───── Data extract ─────

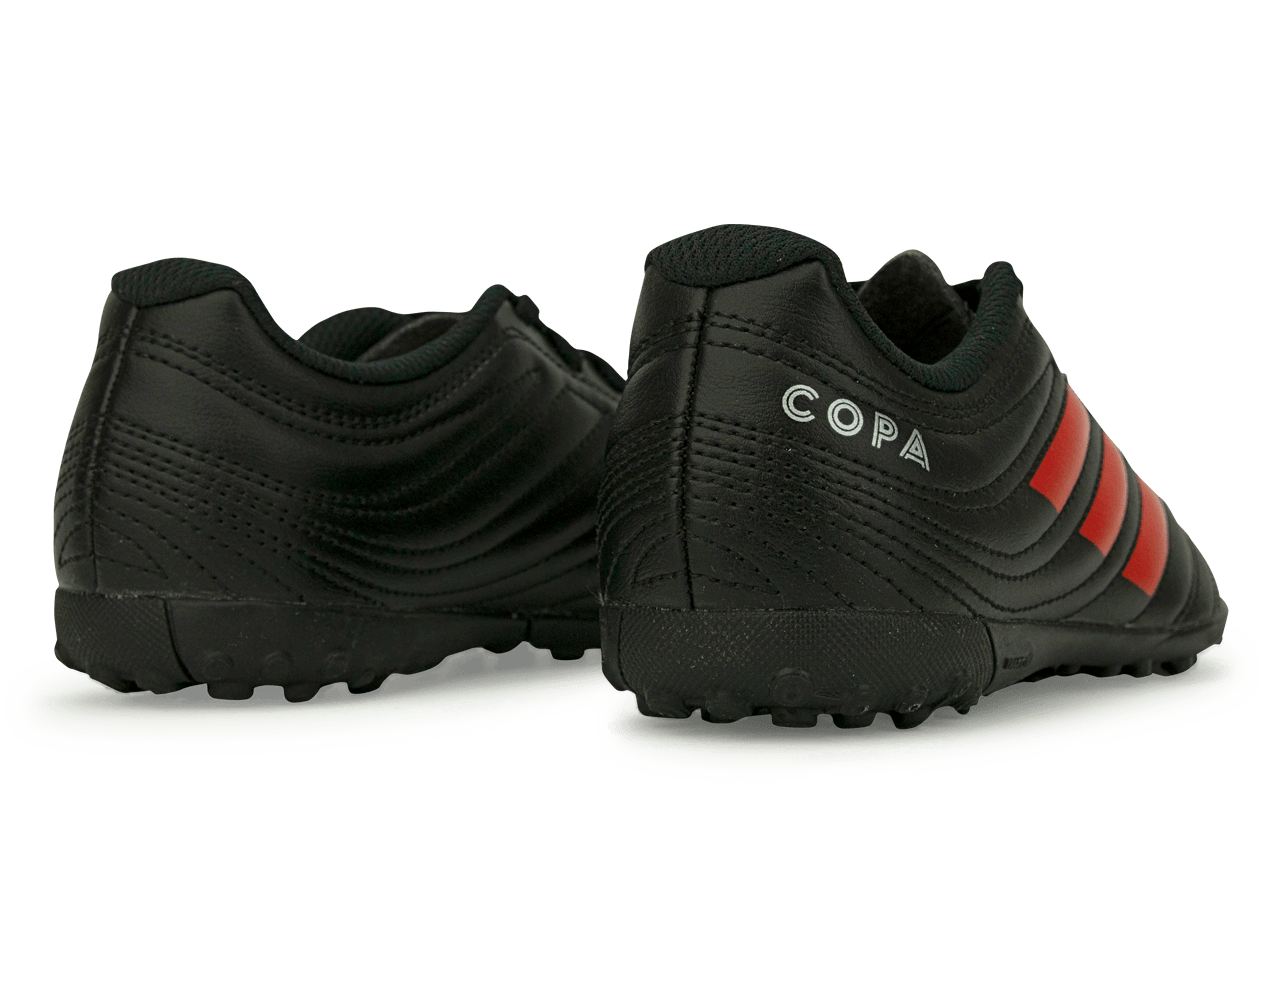 adidas Kids Copa 19.4 Turf Shoes Core Black/Hi-Res Red/Silver Metallic
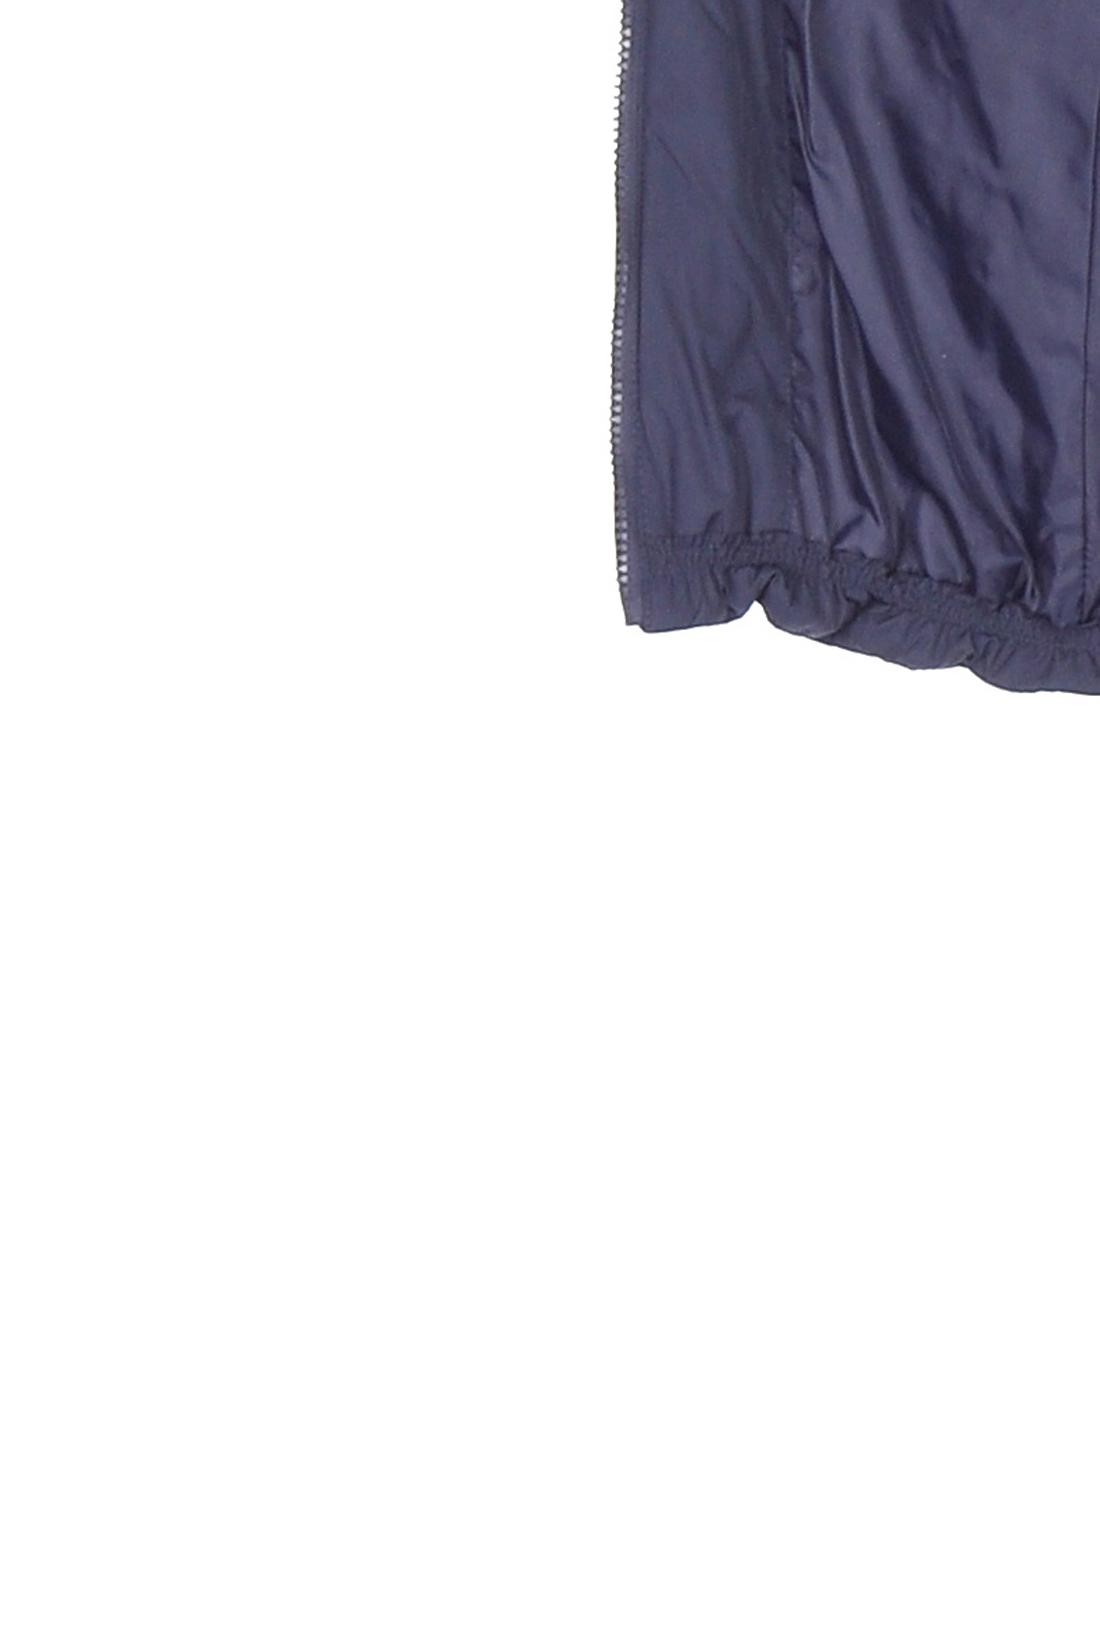 Куртка с вязаными манжетами (арт. baon B038002), размер M, цвет синий Куртка с вязаными манжетами (арт. baon B038002) - фото 5
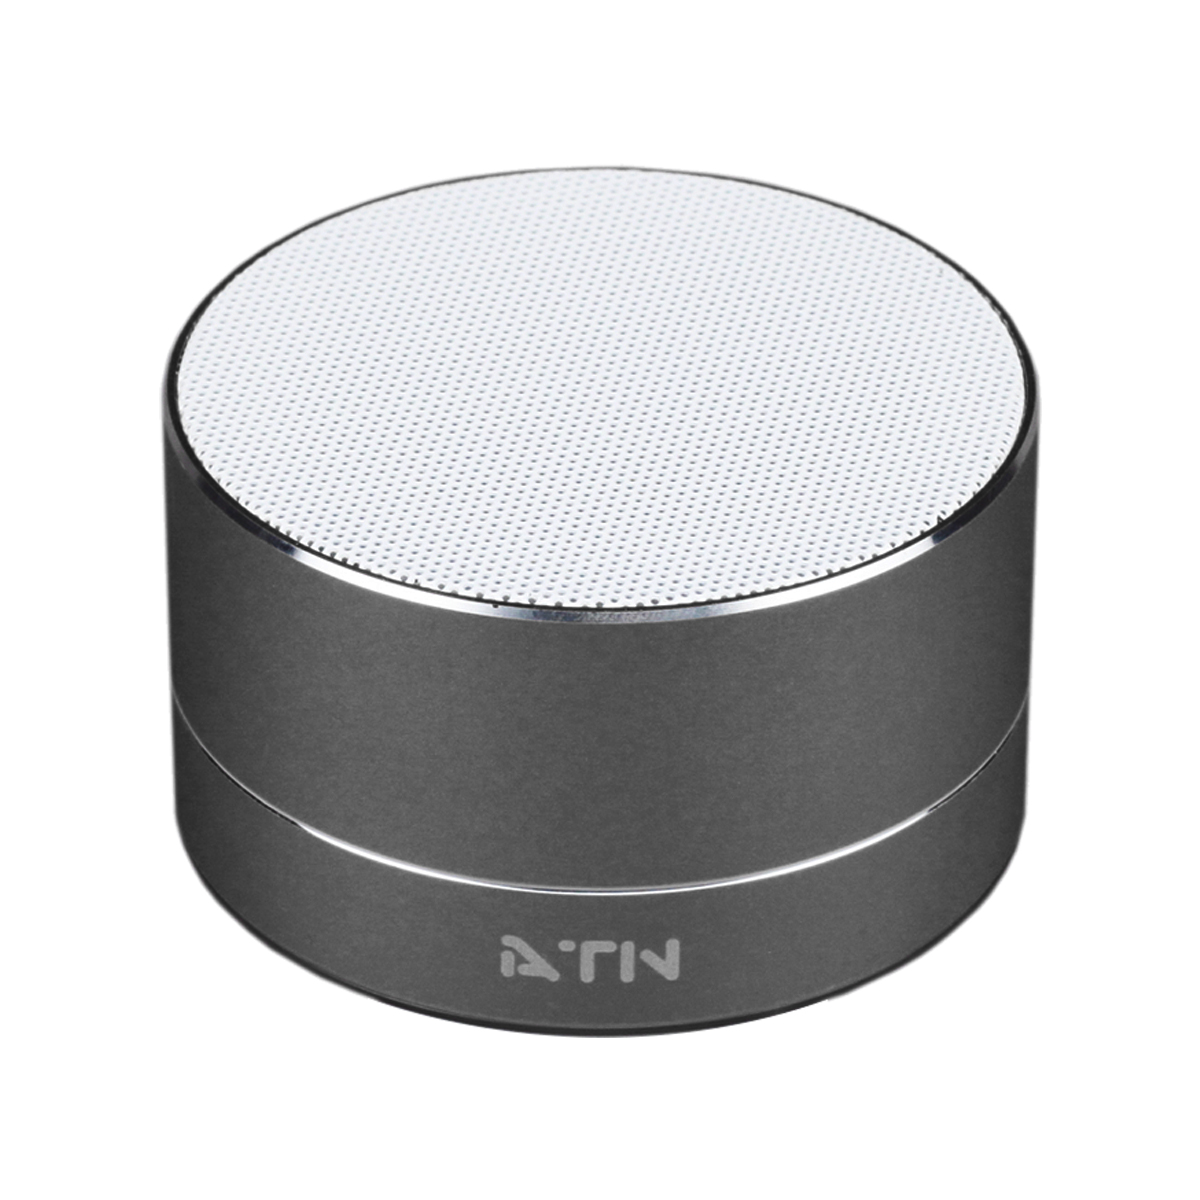 ATN A530 Bluetooth Speaker, , large image number 1

─────

— Activity —
In the copy, no pictures are to appear; write out exactly the lines from the one containing "Куртка с вязаными манжетами (арт. baon B038002), размер" through the end of the listing above and no further lines.

— Written reply —
 Куртка с вязаными манжетами (арт. baon B038002), размер M, цвет синий Куртка с вязаными манжетами (арт. baon B038002) - фото 5
 ATN A530 Bluetooth Speaker, , large image number 1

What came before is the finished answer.